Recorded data
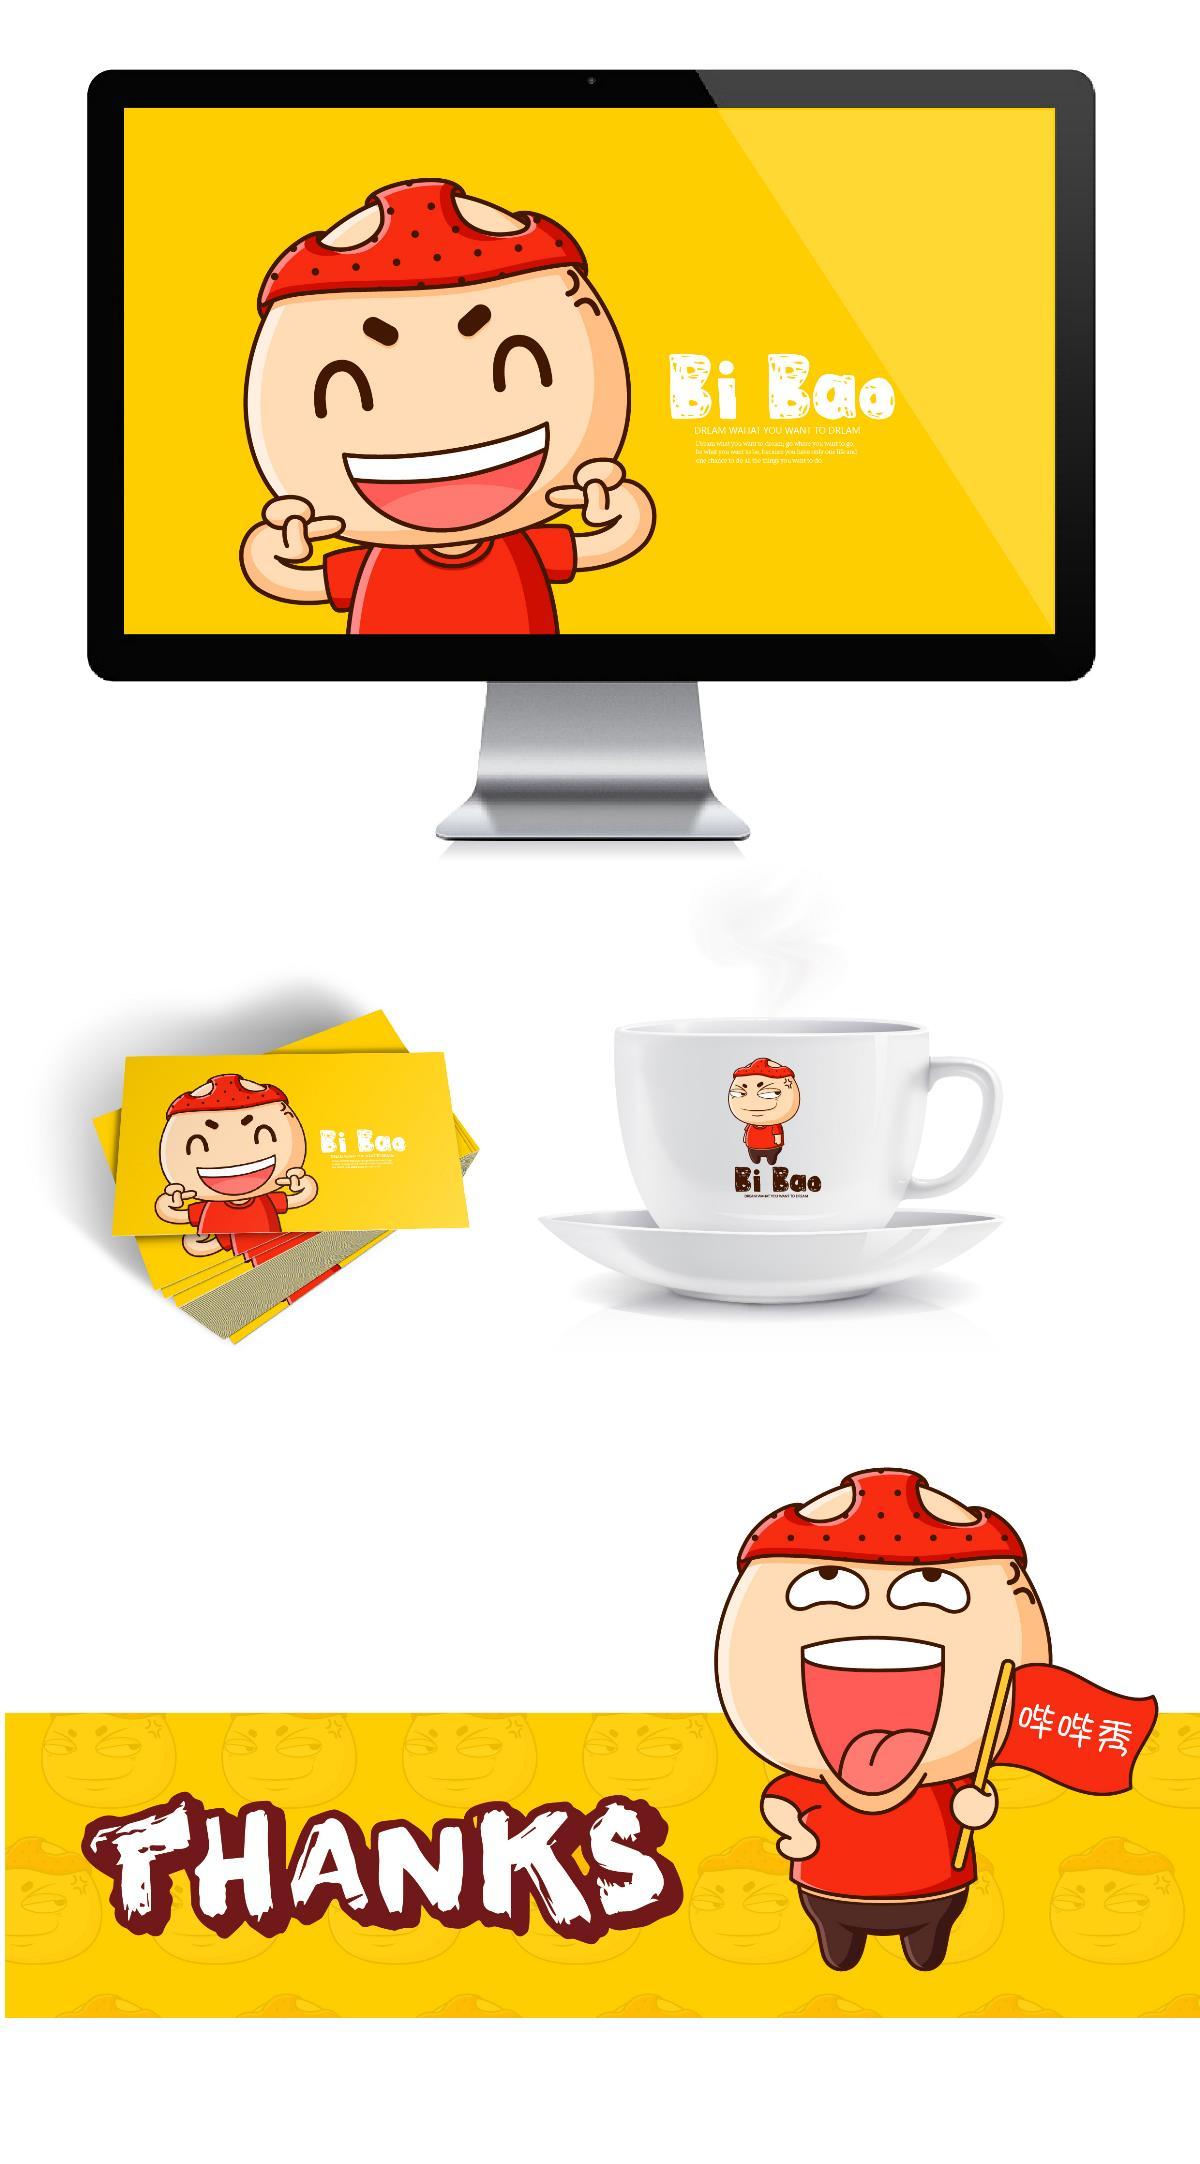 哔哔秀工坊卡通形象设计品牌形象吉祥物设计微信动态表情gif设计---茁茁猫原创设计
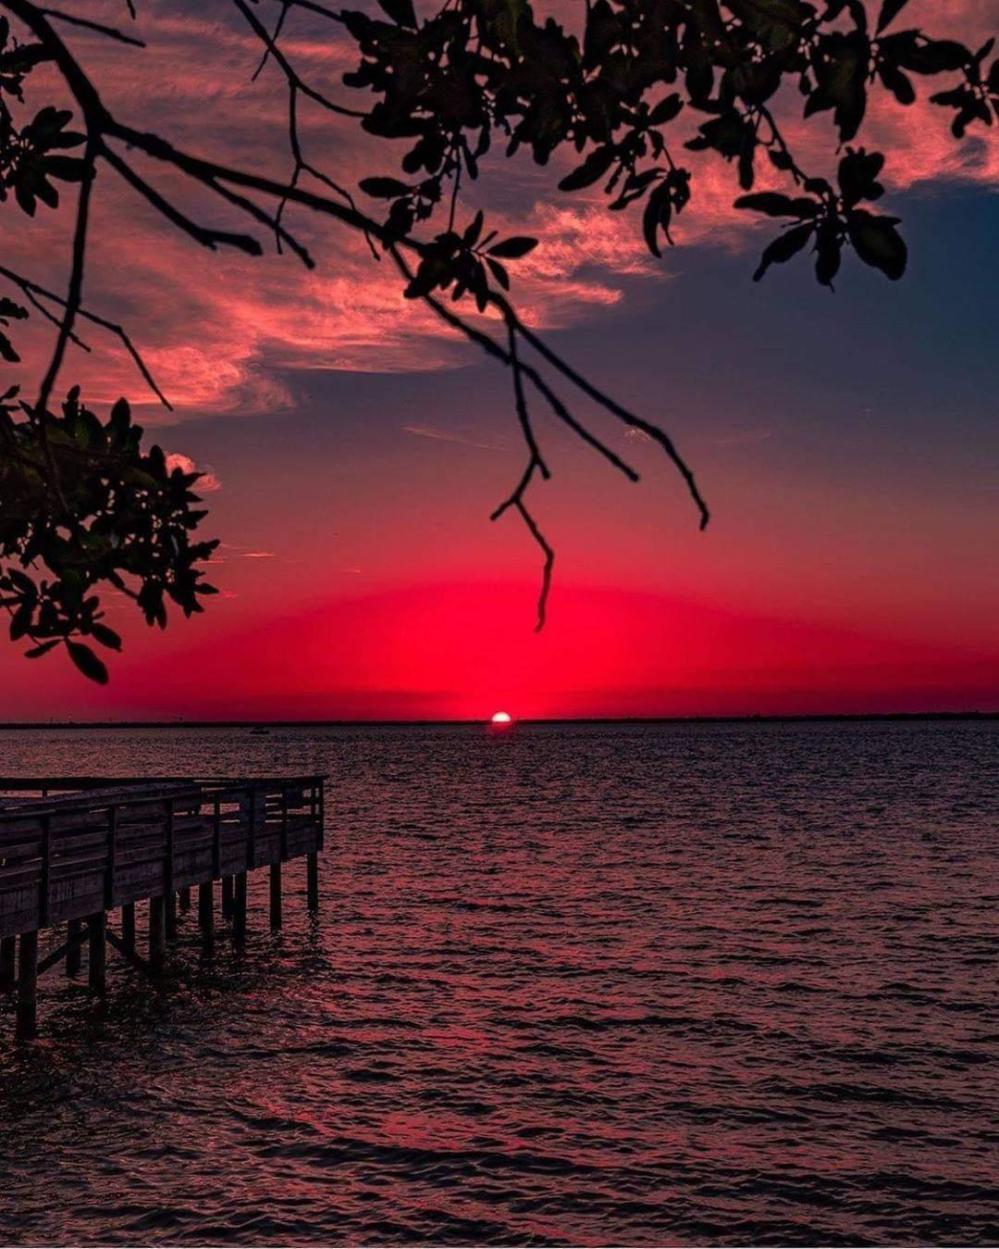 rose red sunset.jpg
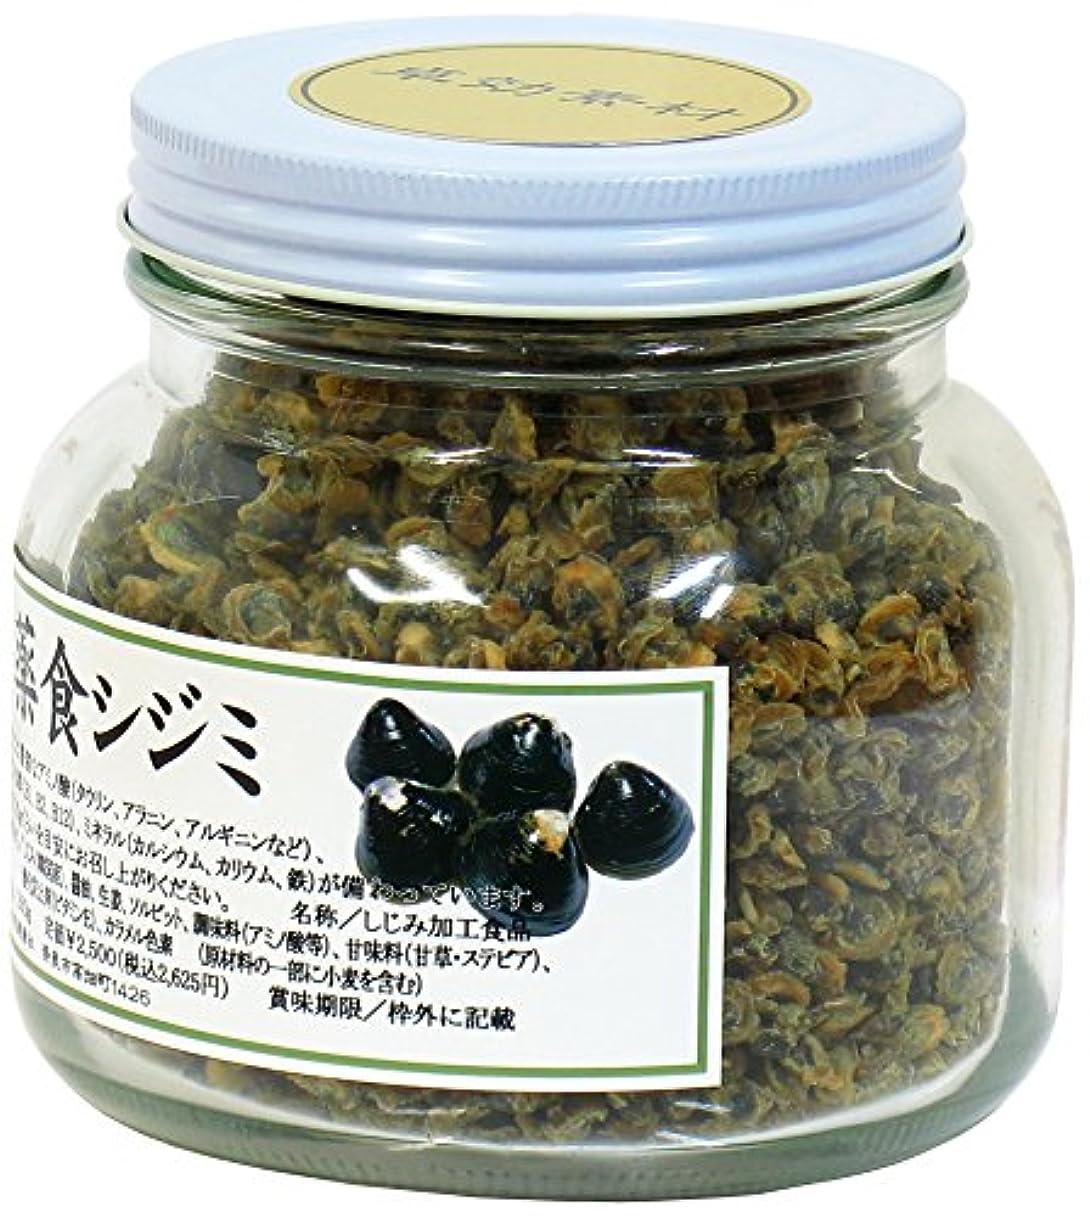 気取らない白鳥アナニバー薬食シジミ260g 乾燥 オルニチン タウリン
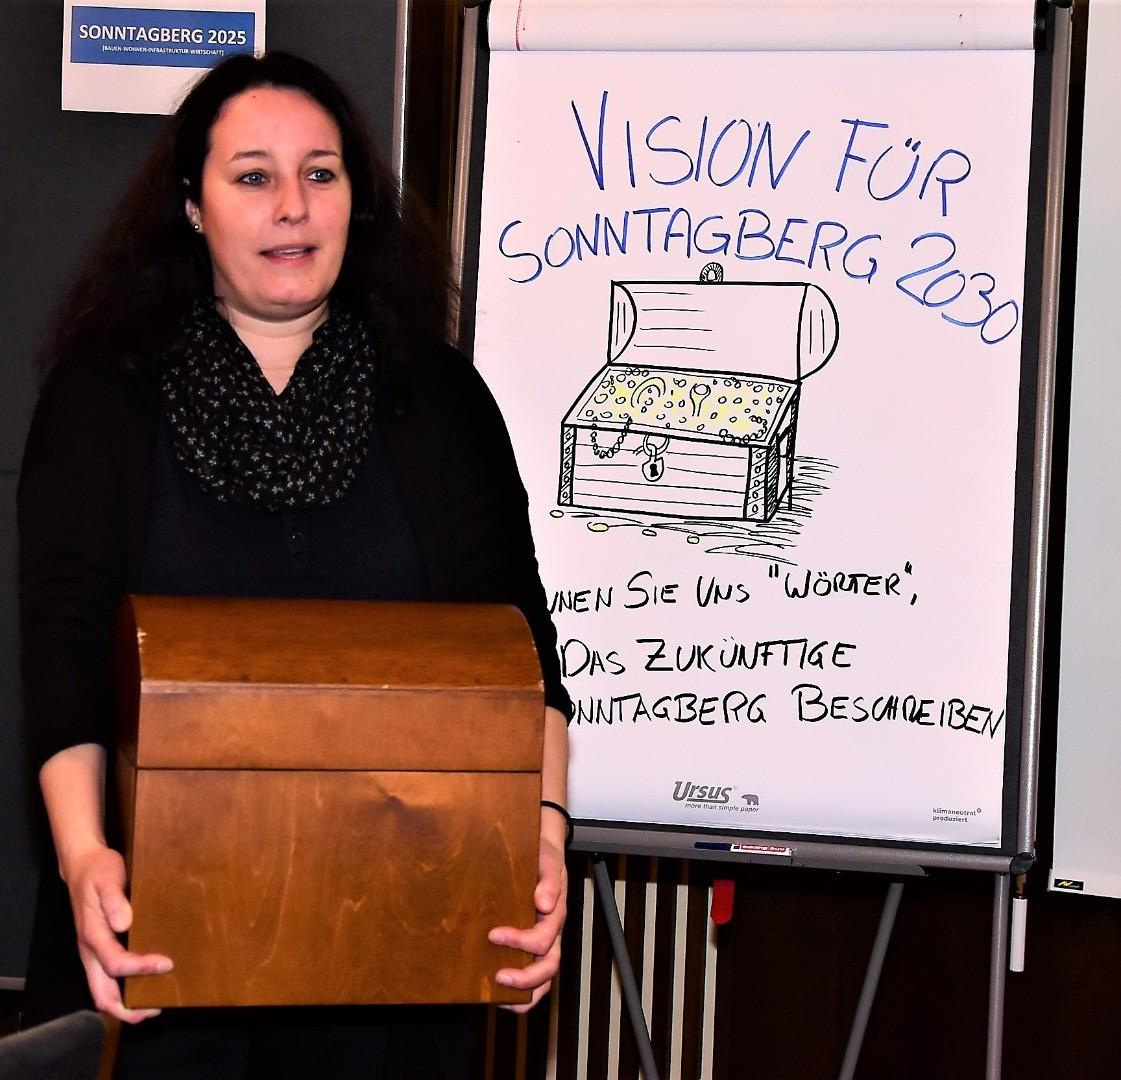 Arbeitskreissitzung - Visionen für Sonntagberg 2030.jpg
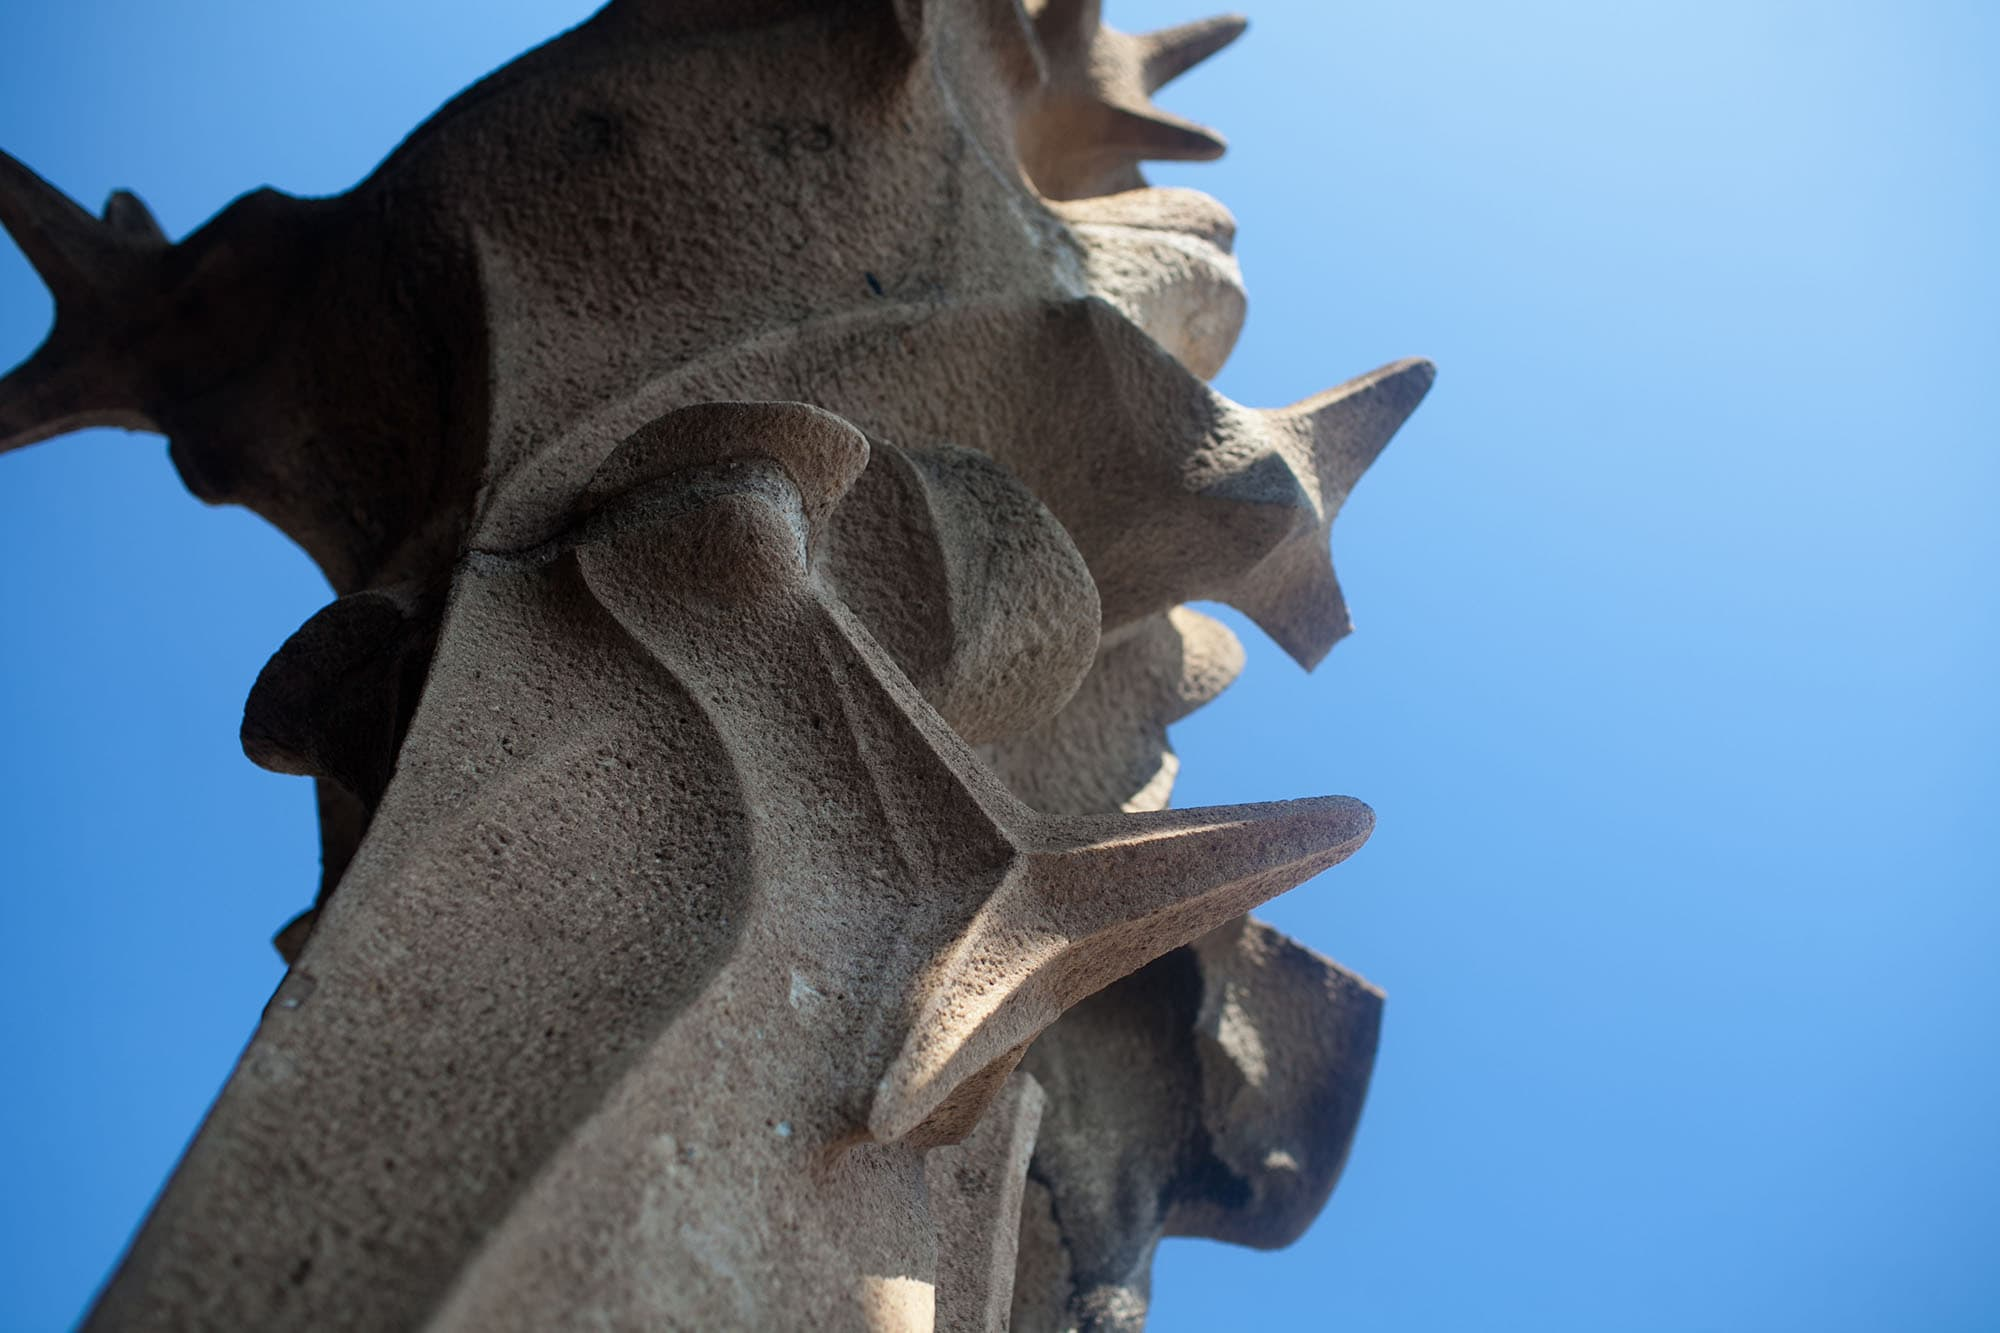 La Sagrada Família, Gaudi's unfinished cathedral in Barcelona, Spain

* _Prompt_:
Faithful copy, images left out: write out every line of data.

* _Solution to this exercise_:
 哔哔秀工坊卡通形象设计品牌形象吉祥物设计微信动态表情gif设计---茁茁猫原创设计
 rose red sunset.jpg
 気取らない白鳥アナニバー薬食シジミ260g 乾燥 オルニチン タウリン
 Arbeitskreissitzung - Visionen für Sonntagberg 2030.jpg
 La Sagrada Família, Gaudi's unfinished cathedral in Barcelona, Spain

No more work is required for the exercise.